Last Updated: February 10 2014
Article by Eliza Sporn Fromberg and Jeffrey A. Clopeck

In a no-action letter dated January 31 and revised on February 4 (the "M&A Brokers Letter"), the Securities and Exchange Commission (SEC) Division of Trading and Markets permitted business brokers to facilitate mergers, acquisitions, business sales and business combinations (collectively, "M&A Transactions") between buyers and sellers of privately held companies without registering as broker-dealers under Section 15(b) of the Securities Exchange Act of 1934 (the "Exchange Act") - even if such transactions are effected through sales of securities. The M&A Brokers Letter brings much-needed clarity to this area of broker-dealer regulation.

Before the issuance of the M&A Brokers Letter, business brokers that effected transactions structured as sales of securities were required to register as broker-dealers, whereas business brokers that effected transactions structured as asset sales (in which there is no distribution, sale or exchange of securities) were not. Many commentators had questioned the validity of this distinction and noted that full-blown broker-dealer registration was not an appropriate regulatory framework considering the limited functions performed by business brokers.

The new relief is limited to business brokers that facilitate sales of privately held companies to buyers that, upon completion of the transaction, will control and actively operate the company. The M&A Brokers Letter stated that a buyer would have the necessary control if it has the power, directly or indirectly, to direct the management or policies of a company, whether through ownership of securities, by contract or otherwise.[1] A buyer could actively operate the company through the power to elect executive officers and approve the annual budget or by service as an executive or other executive manager, among other things. Only sales of companies that are going concerns and not shell companies will qualify for the no-action relief.

Previously, unregistered business brokers were advised to limit their activities to introducing potential buyers and sellers. Pursuant to the no-action relief, a business broker may now take an active role in facilitating an M&A Transaction without being subject to broker-dealer registration. The business broker may advertise a privately held company for sale with information such as the description of the business, general location and price range. The broker may also advise the parties to issue securities or to effect the transfer of the business by means of securities. Significantly, the business broker may participate in the parties' negotiations, provide assistance in obtaining financing from an unaffiliated third party and receive transaction-based compensation, typically viewed by the SEC as a hallmark of broker-dealer activity.

Business brokers seeking to take advantage of the no-action relief are prohibited from (1) having the authority to bind the principals in an M&A Transaction; (2) directly or indirectly providing financing for an M&A Transaction; (3) having custody, control, or possession of or otherwise handling funds or securities issued or exchanged in connection with the transaction; (4) facilitating a transaction with a group of buyers if the group is formed with the assistance of the business broker; and (5) facilitating a transaction resulting in the transfer of interests to a passive buyer.
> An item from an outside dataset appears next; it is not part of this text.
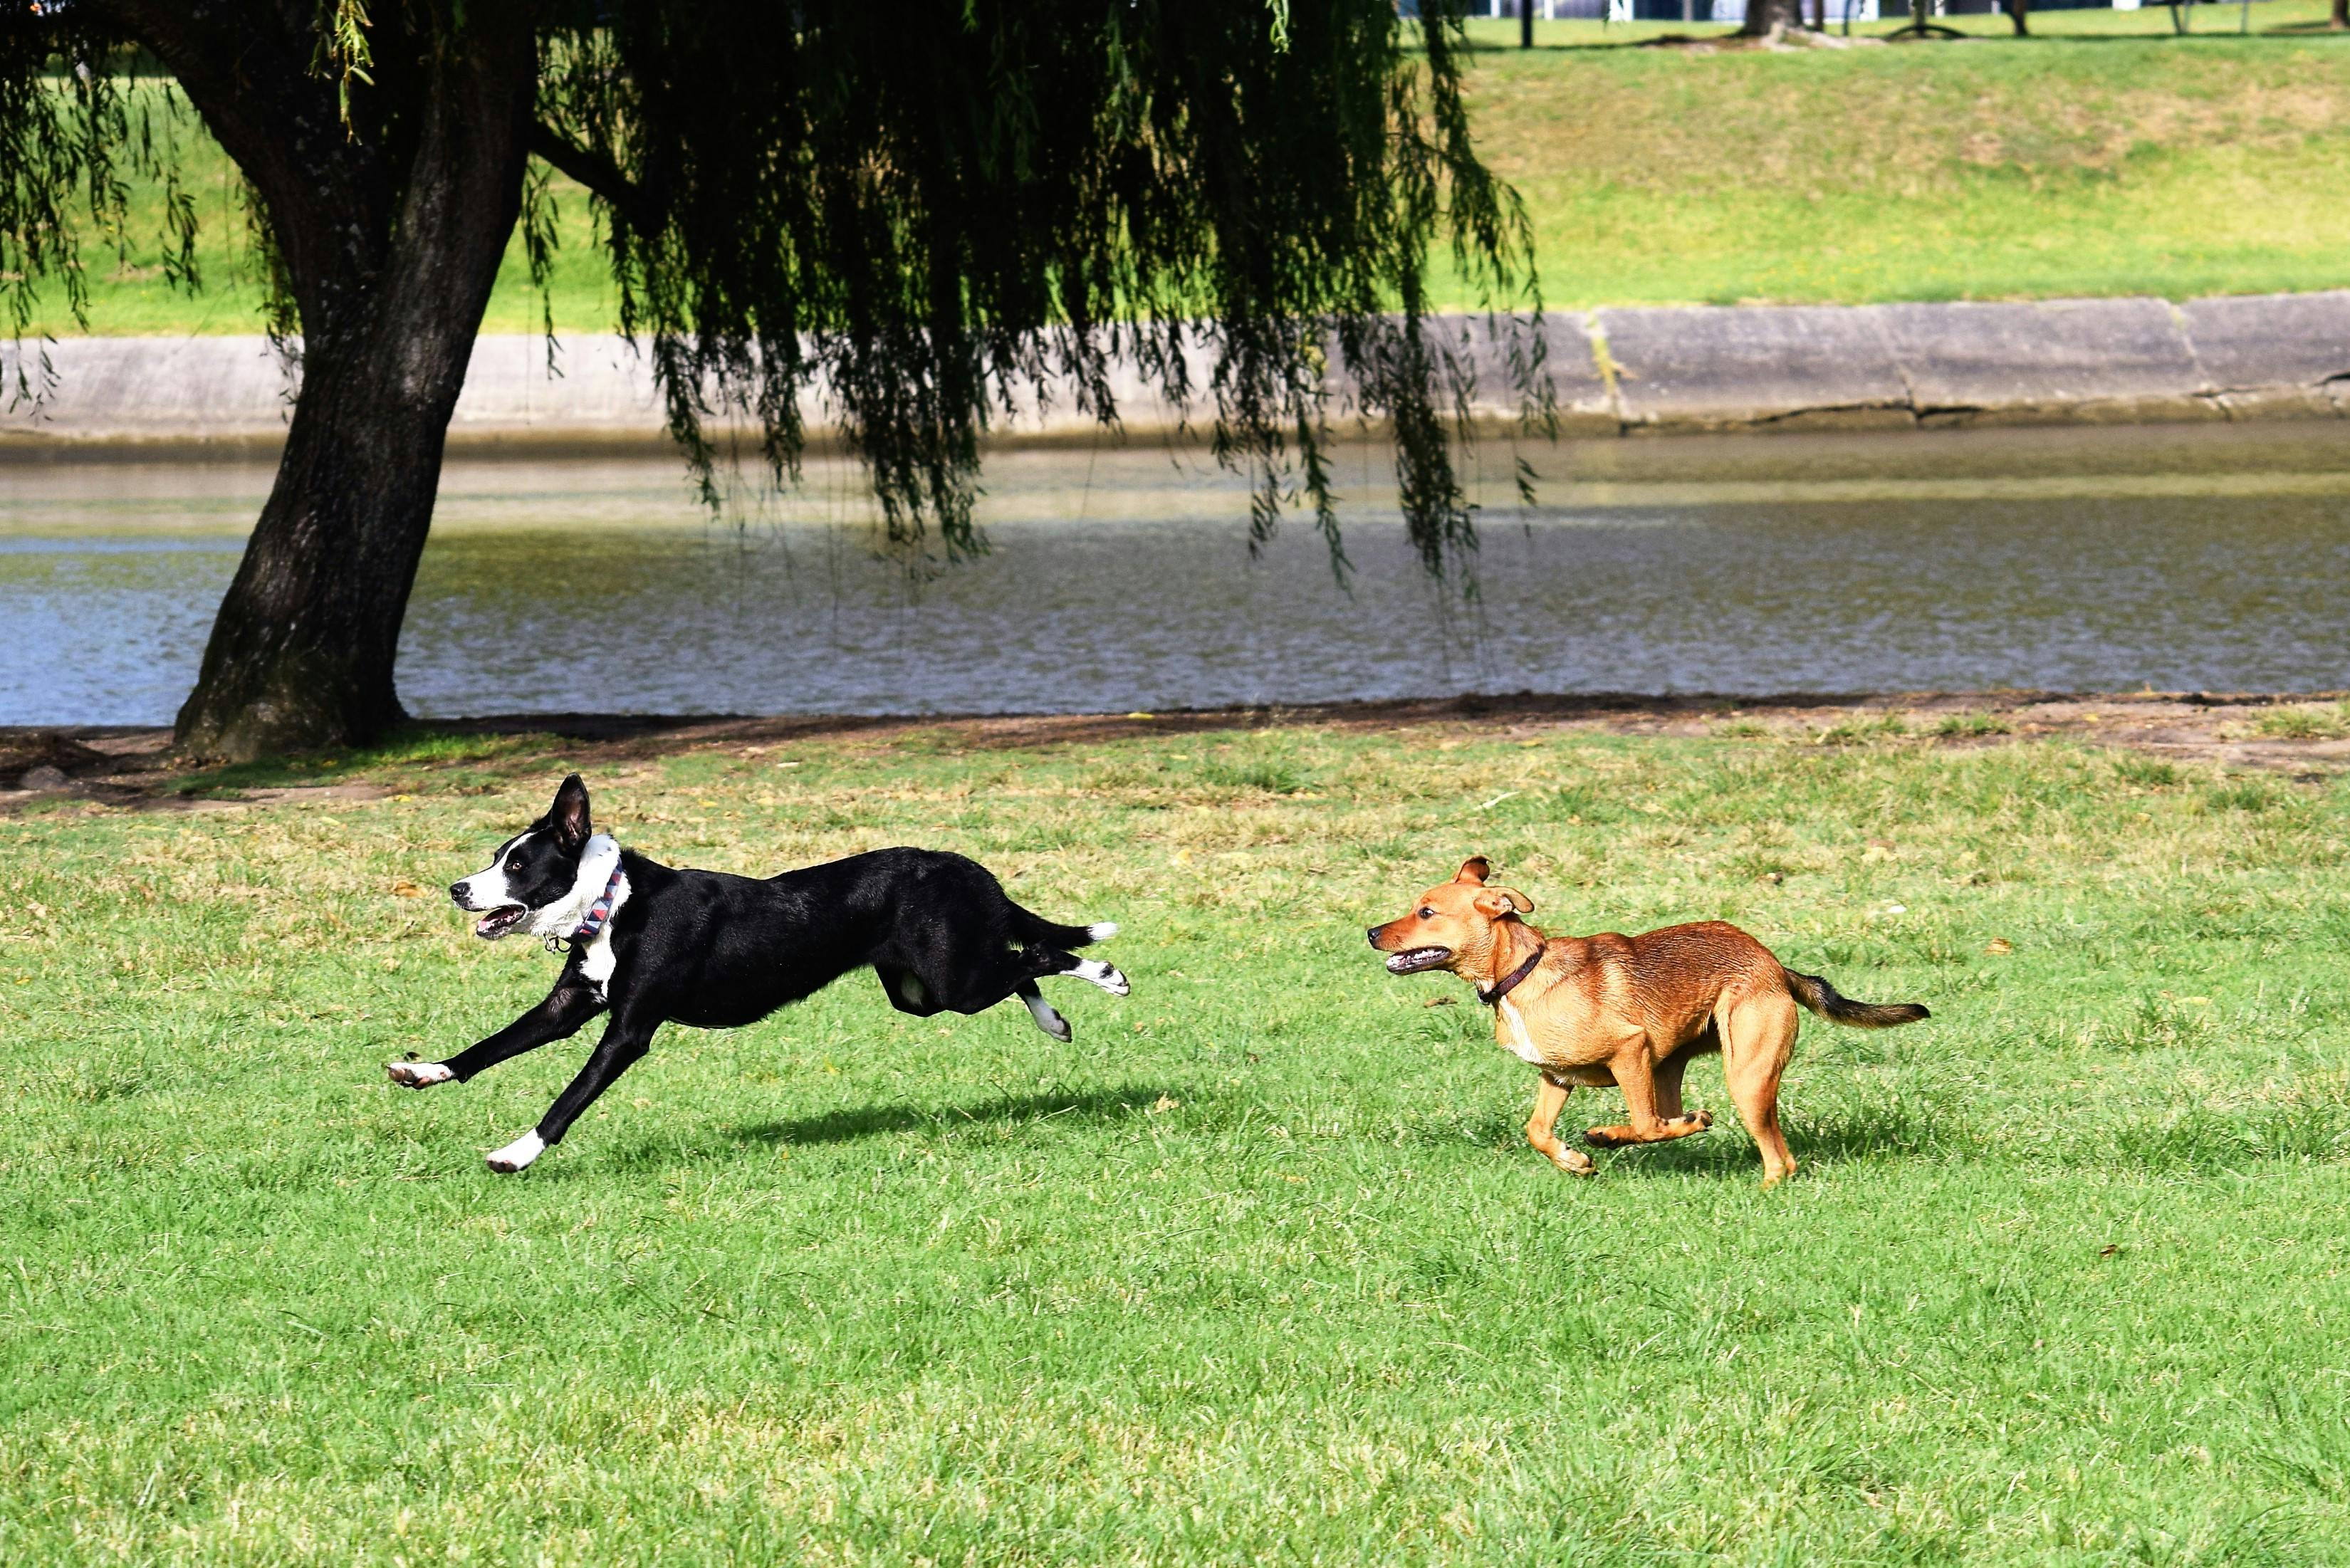 perros pequeños persiguiéndose unos a otros jugando en un césped verde de  verano 8196097 Foto de stock en Vecteezy

Moreover, the exemptive relief is not available if the business broker or any officer, director or employee of the business broker has been barred from association with a broker-dealer by the SEC, any state, or any self-regulatory organization or is suspended from association with a broker-dealer.

The M&A Transaction may not involve a public offering, and any securities received will be restricted securities. To the extent that the business broker represents both buyers and sellers, it must provide clear written disclosure as to the parties it represents and must obtain from both parties written consent to the joint representation.

Business brokers whose participation in an M&A Transaction qualifies for relief from broker-dealer registration under the Exchange Act, as provided by the M&A Brokers Letter, must still comply with the securities laws of the states in which they transact business. Many states require business brokers that engage in securities transactions to register with the state securities authorities, although several states have limited exemptions for business brokers.


[1] The necessary control will be presumed to exist if, upon completion of the transaction, the buyer or group of buyers has the right to vote 25 percent or more of a class of voting securities; has the power to sell or direct the sale of 25 percent or more of a class of voting securities; or, in the case of a partnership or limited liability company, has the right to receive upon dissolution or has contributed 25 percent or more of the capital.

The content of this article is intended to provide a general guide to the subject matter. Specialist advice should be sought about your specific circumstances.